Information supplied:
▼▼▼

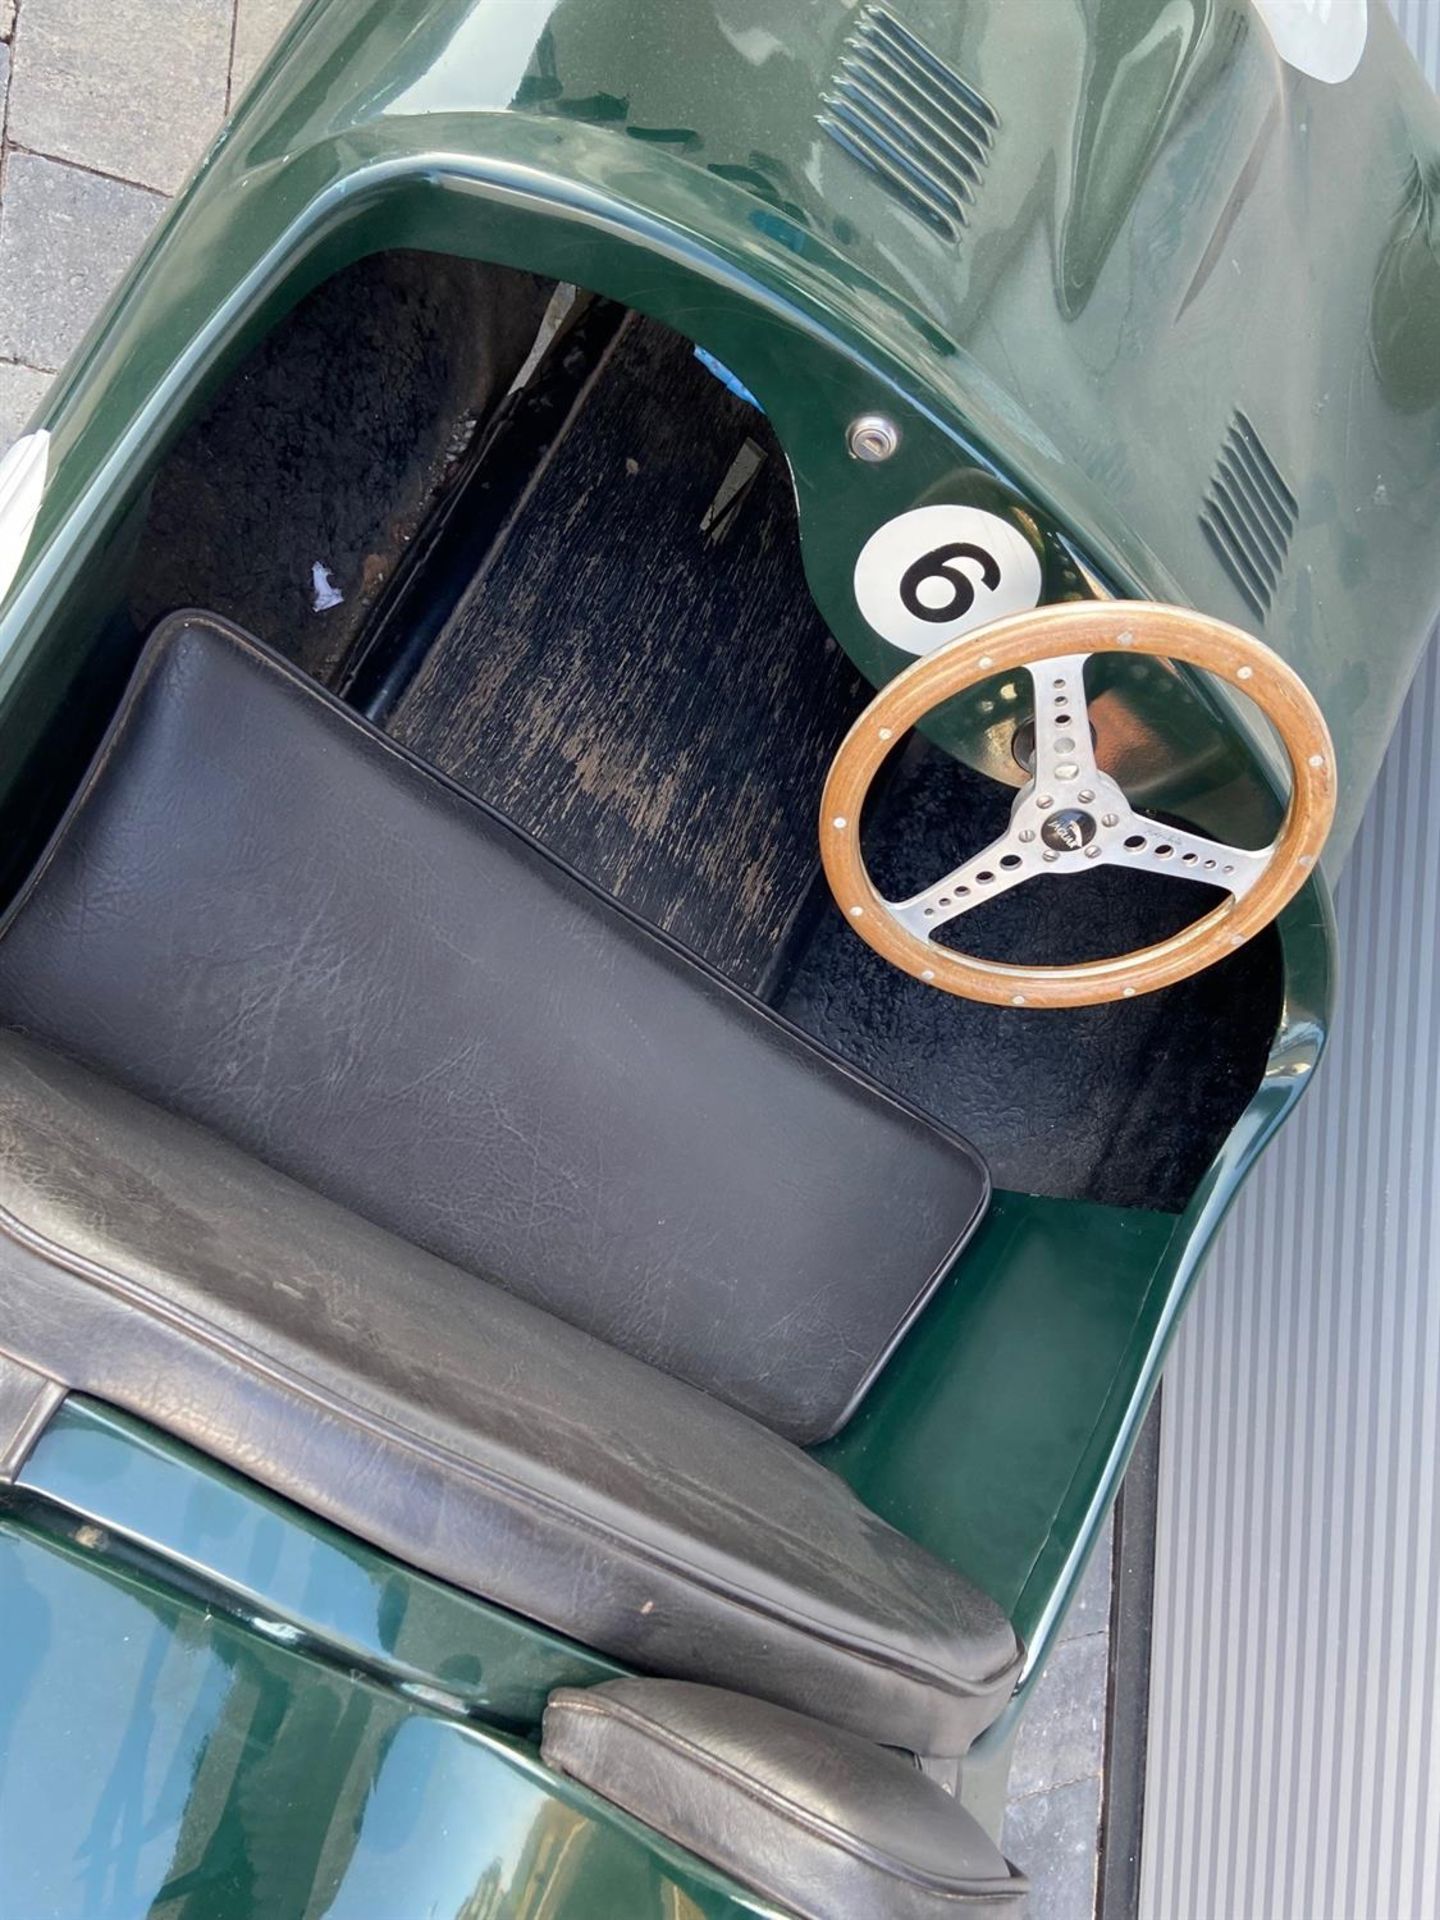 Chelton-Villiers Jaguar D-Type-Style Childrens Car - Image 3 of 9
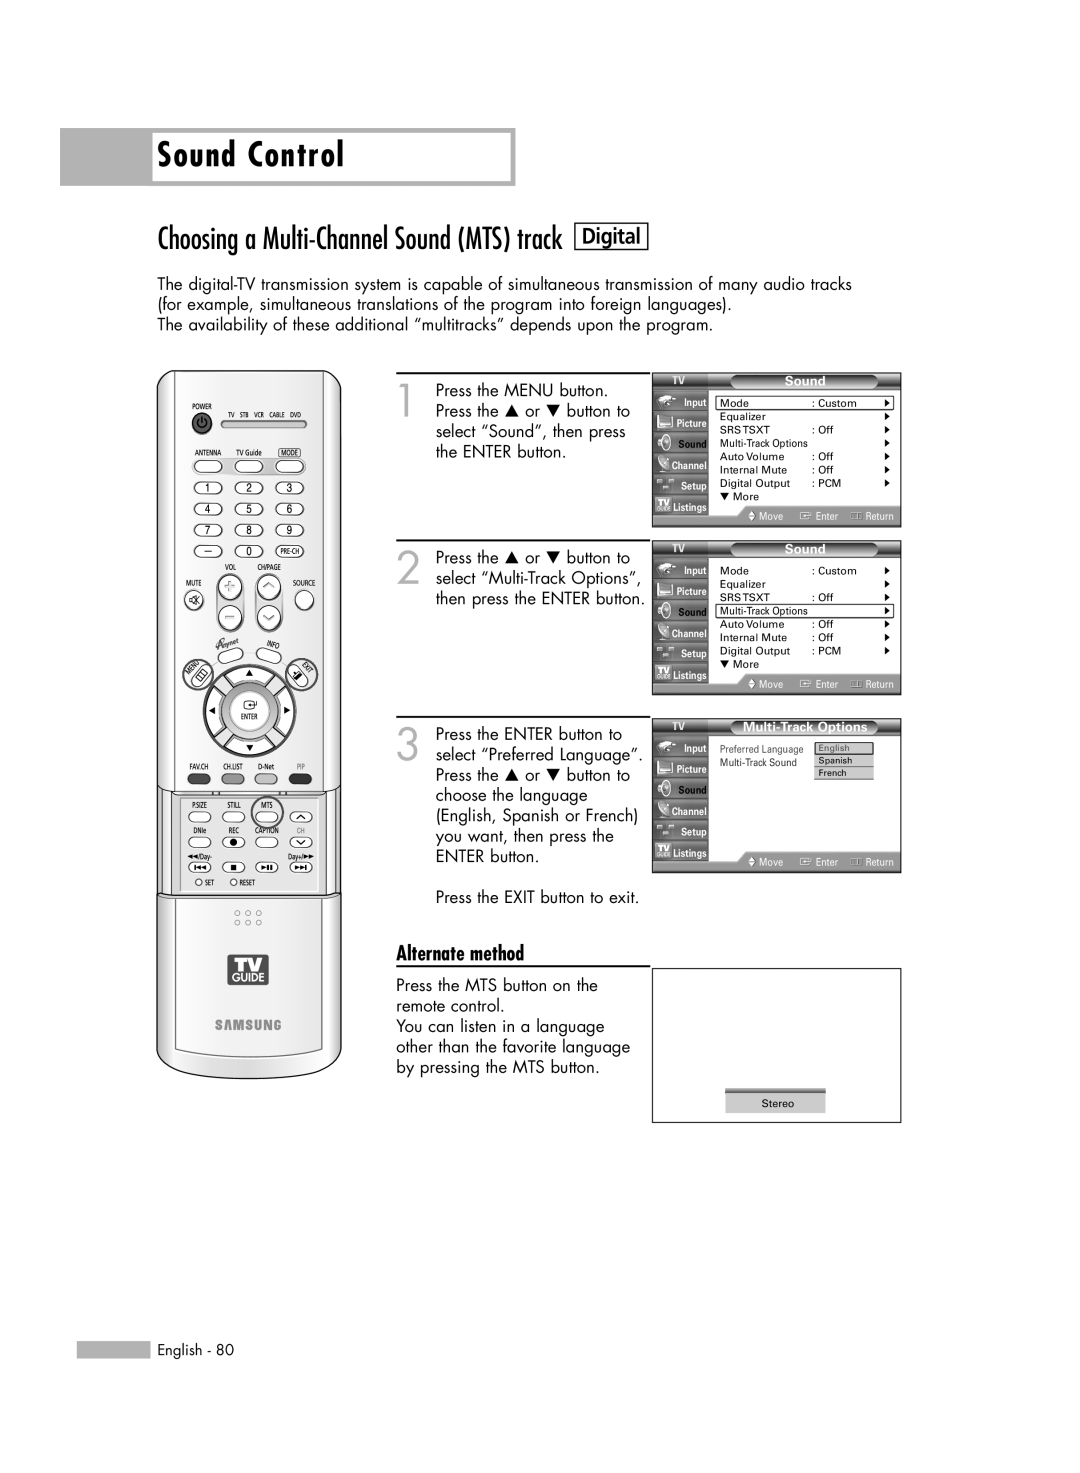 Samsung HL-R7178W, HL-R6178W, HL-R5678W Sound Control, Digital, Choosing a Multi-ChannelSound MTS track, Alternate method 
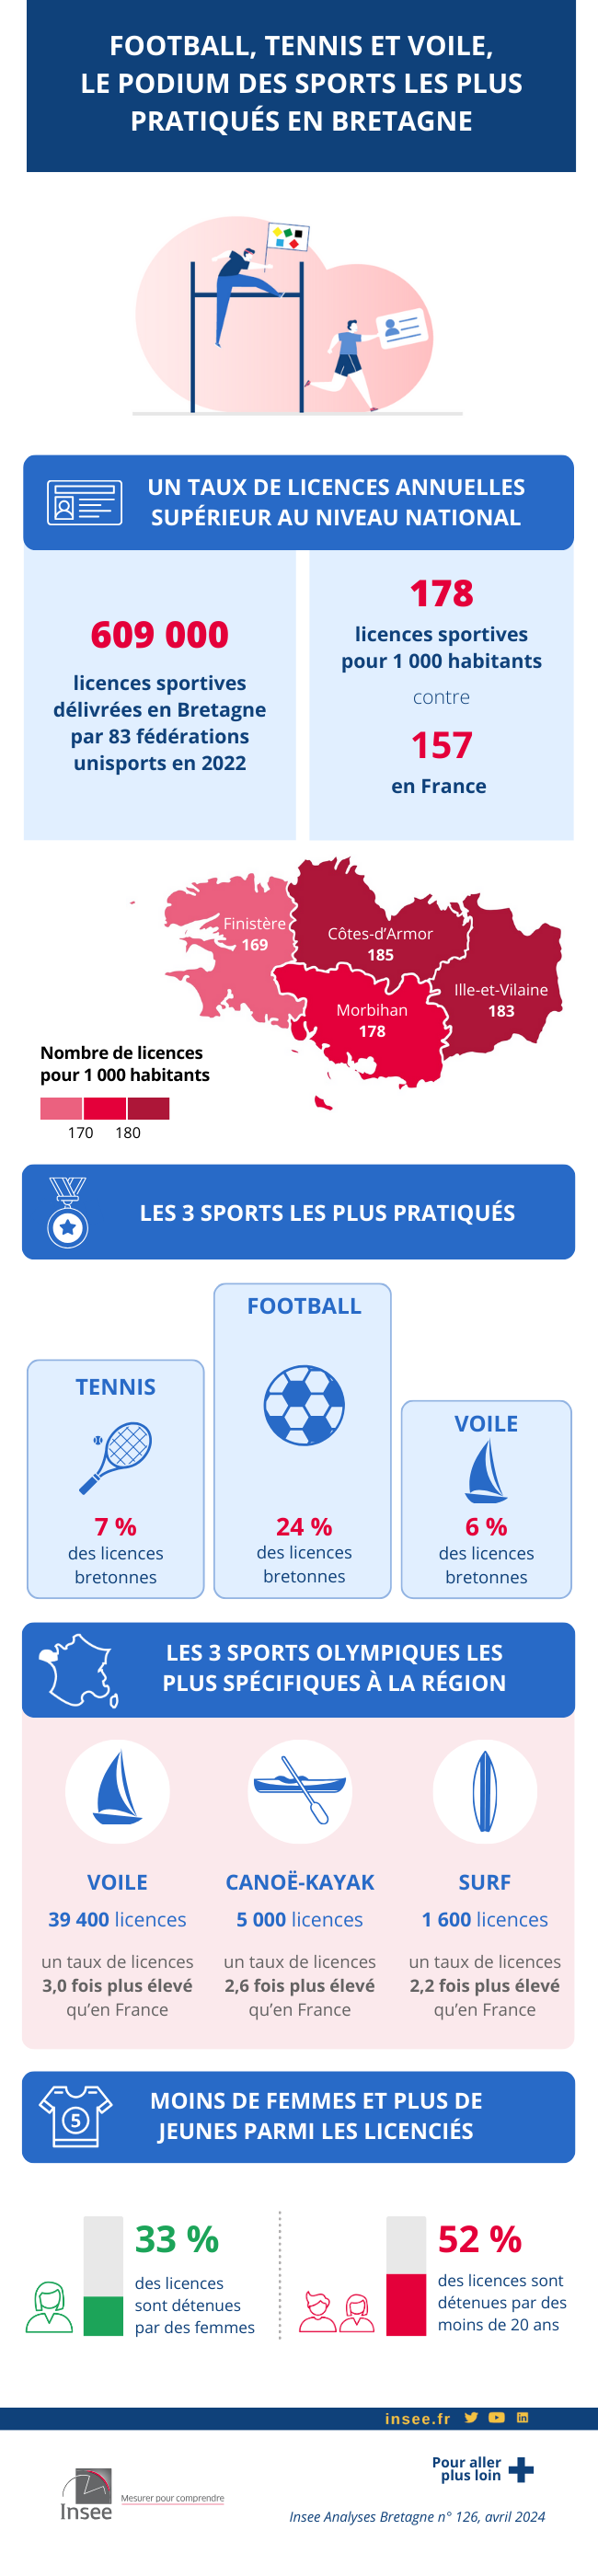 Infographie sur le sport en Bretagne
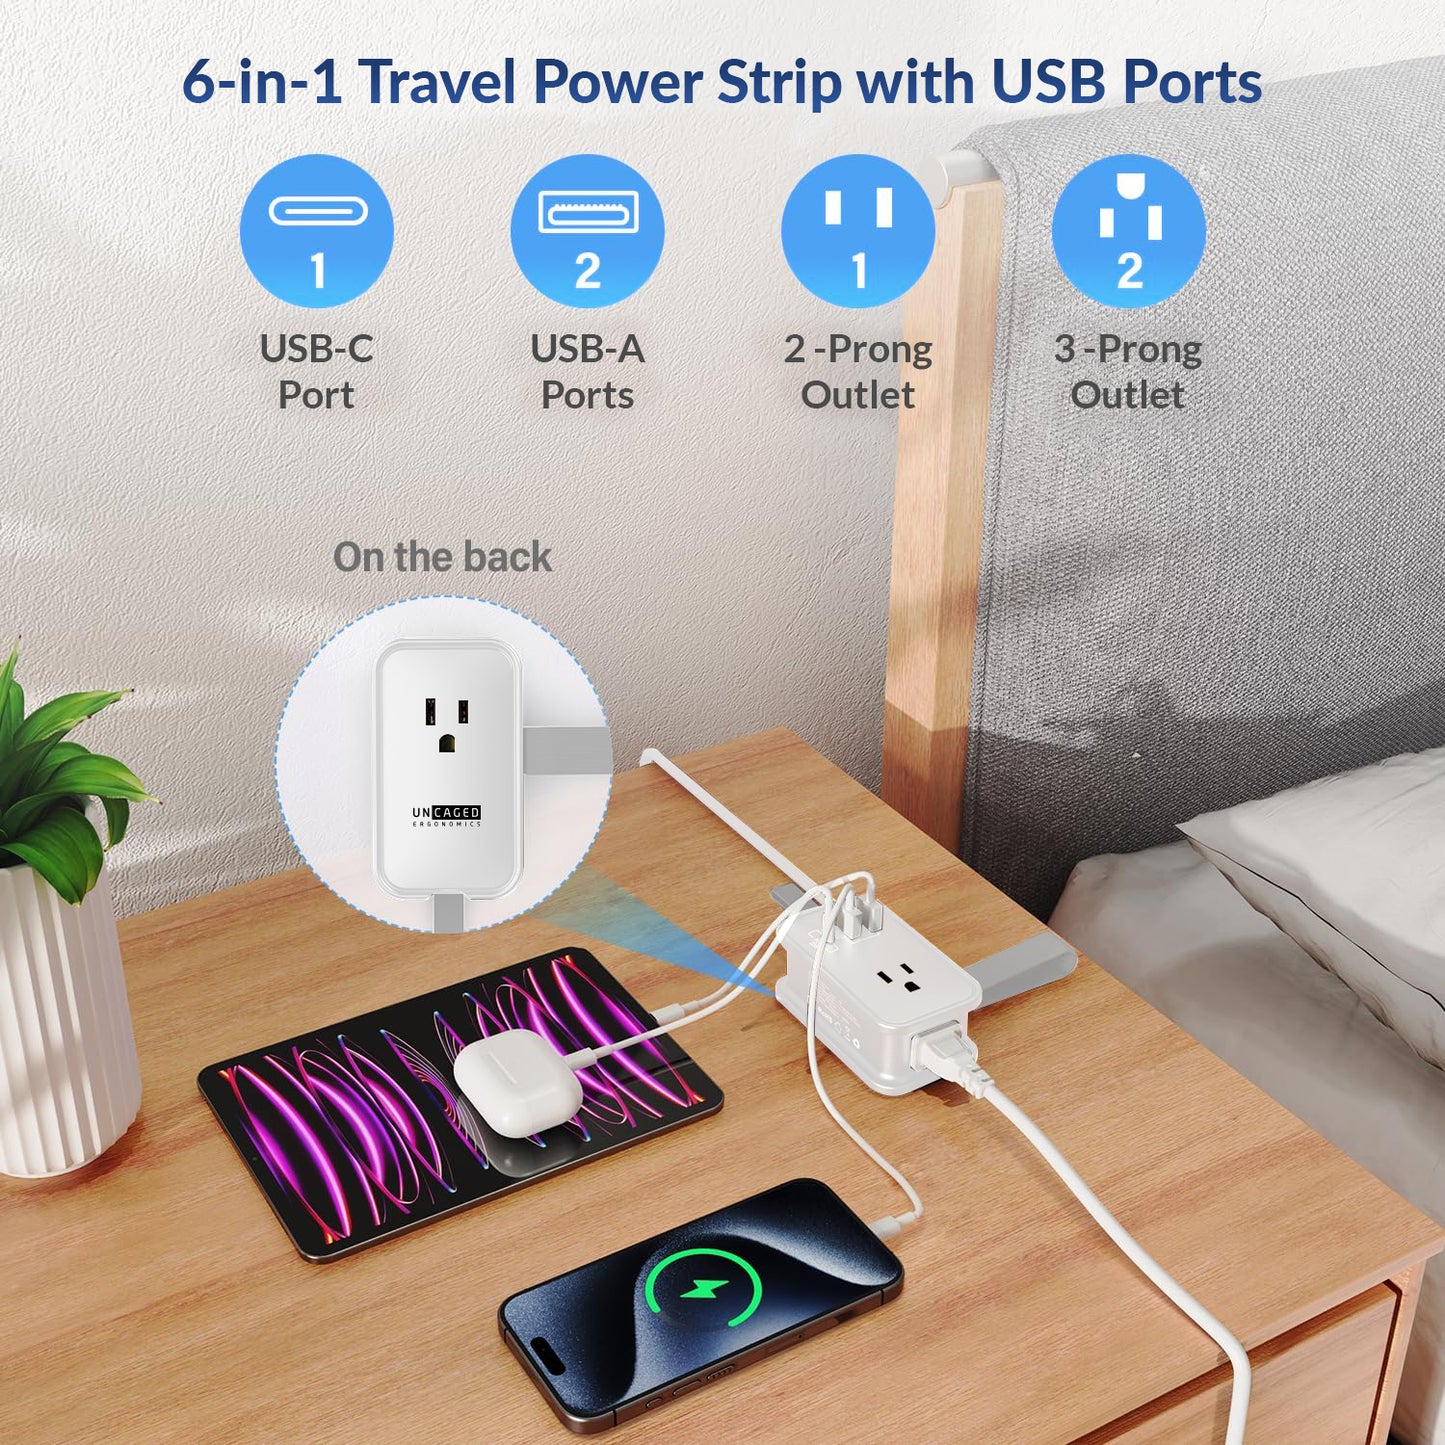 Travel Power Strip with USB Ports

▲▲▲

What the task asks: This exercise asks for the data above to be given again exactly, without pictures.

Exercise response:
 Chelton-Villiers Jaguar D-Type-Style Childrens Car - Image 3 of 9
 Samsung HL-R7178W, HL-R6178W, HL-R5678W Sound Control, Digital, Choosing a Multi-ChannelSound MTS track, Alternate method 
 Infographie sur le sport en Bretagne
 Travel Power Strip with USB Ports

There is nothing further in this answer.